L.A. Confidential

L.A. Confidential (1997)

1998 Academy Awards: Best Actress – Kim Basinger Best Screenplay – Curtis Hanson and Brian Helgeland

Remember, dear readers, you heard it here first. Off the record, on the QT, and very hush-hush.

So says Sid Hudgeons (Danny DeVito), publisher and writer of the L.A. sleaze magazine, Hush Hush, a weekly rag that rats on the stars, politicians, and other celebrities of 1950s Los Angeles. The montage of photos, film, narration, and music that opens L.A. Confidential is just one device that transports us back in time to this golden era in sunny Southern California. But, as Sid hints to us, all is not perfect in the "city of the future."

When he finished writing L.A. Confidential, James Ellroy thought that he had a novel that no one could turn into a movie.
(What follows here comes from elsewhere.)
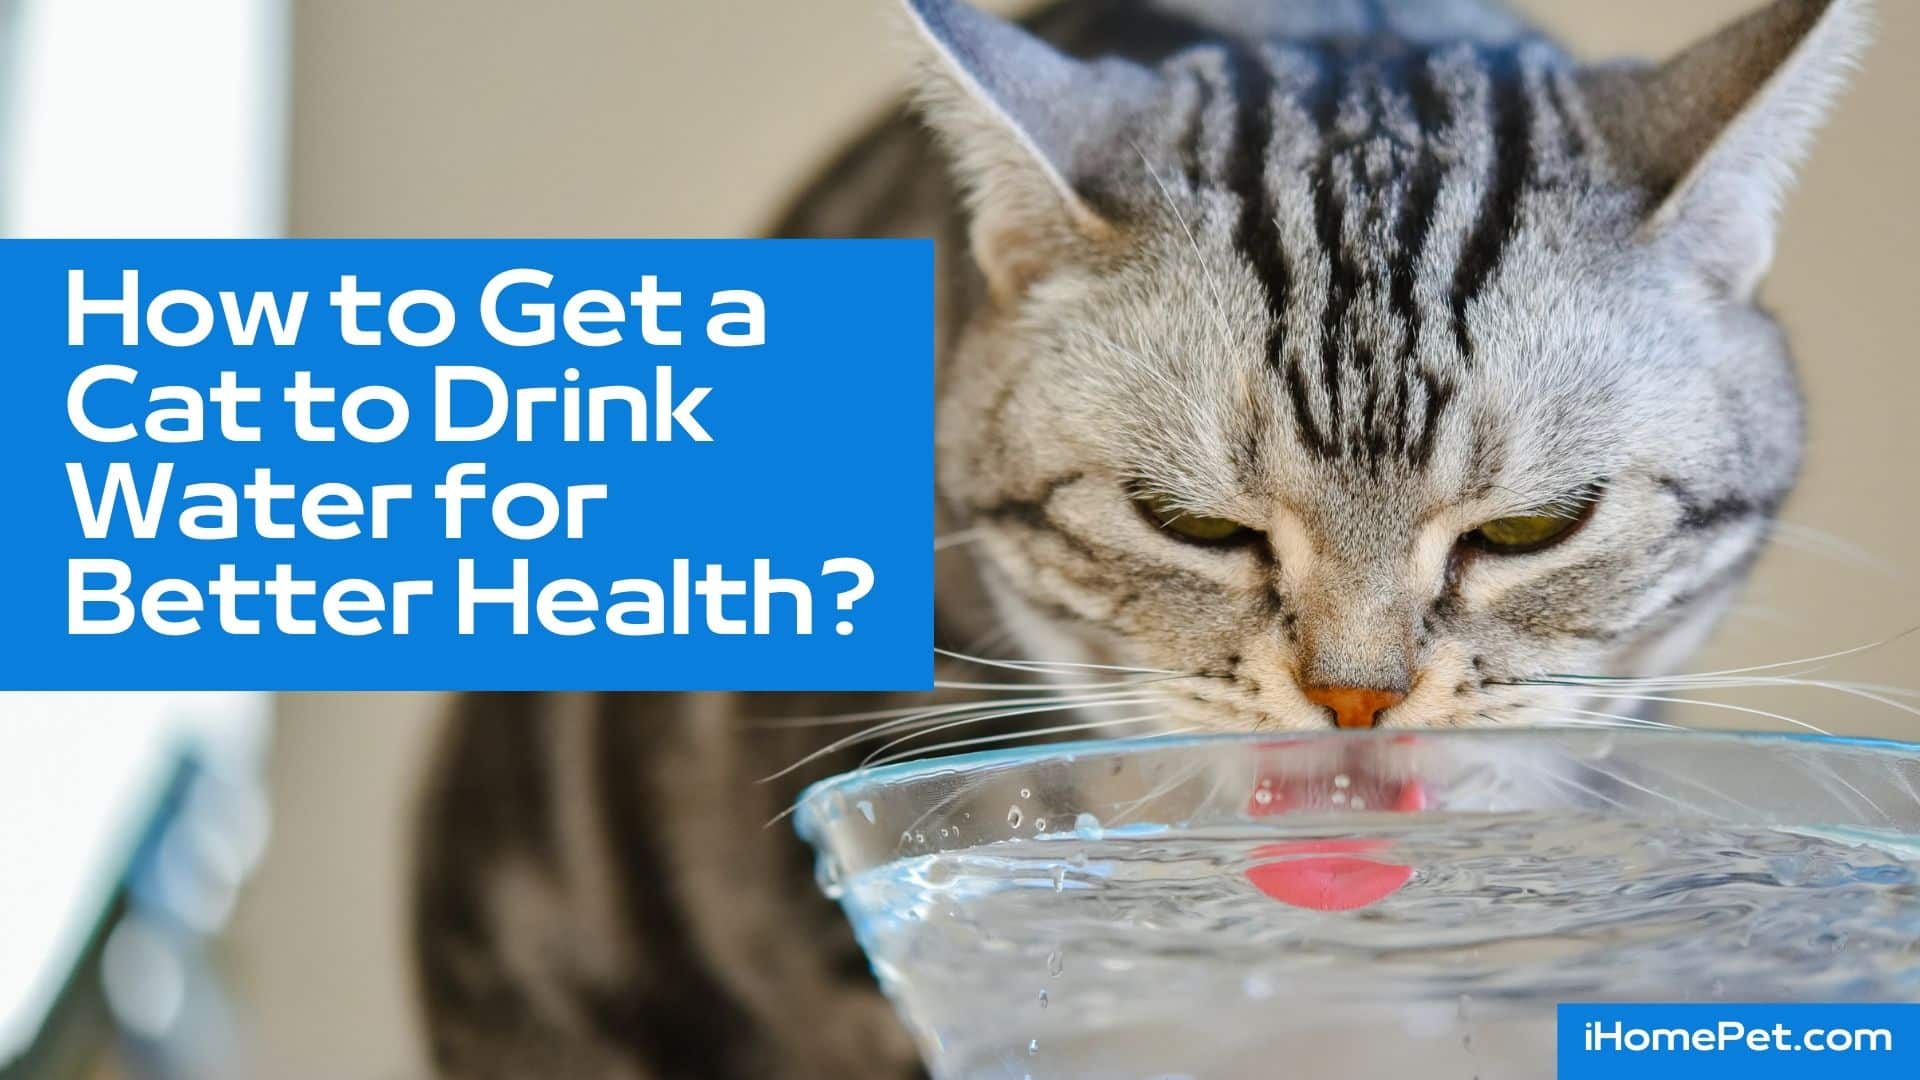 Water can help prevent health issues

He believed that it was so complex, so layered that it would be the ultimate challenge for any screenwriter/director team to transfer to the medium of film. The video version of L.A. Confidential features a documentary in which he is quite unabashed stating this opinion; still, he is obviously pleased that his book was eventually turned into a movie. It’s also plain, by his tone and facial expressions, that he likes the movie immensely.

As directed by Curtis Hanson, L.A. Confidential is a multi-layered, suspenseful, brutally violent saga of crime in Los Angeles. The story follows the careers of three L.A. policemen as they try to solve several seemingly unconnected murders. It has been well documented that Hanson, and his partner, screenwriter Brian Helgeland, spent countless hours reading and studying Ellroy’s novel in an attempt to streamline it into a film that captures the classic 1950’s film noir style that Ellroy brought to life in his dense prose. Displaying skills that recall Robert Towne’s writing in Chinatown, Helgeland and Hanson have come up with a script that is both consistently intriguing and unnerving, keeping the main focus on the characters – not so easy an accomplishment when you realize that there are at least a half-dozen major characters plus 80 other assorted speaking parts.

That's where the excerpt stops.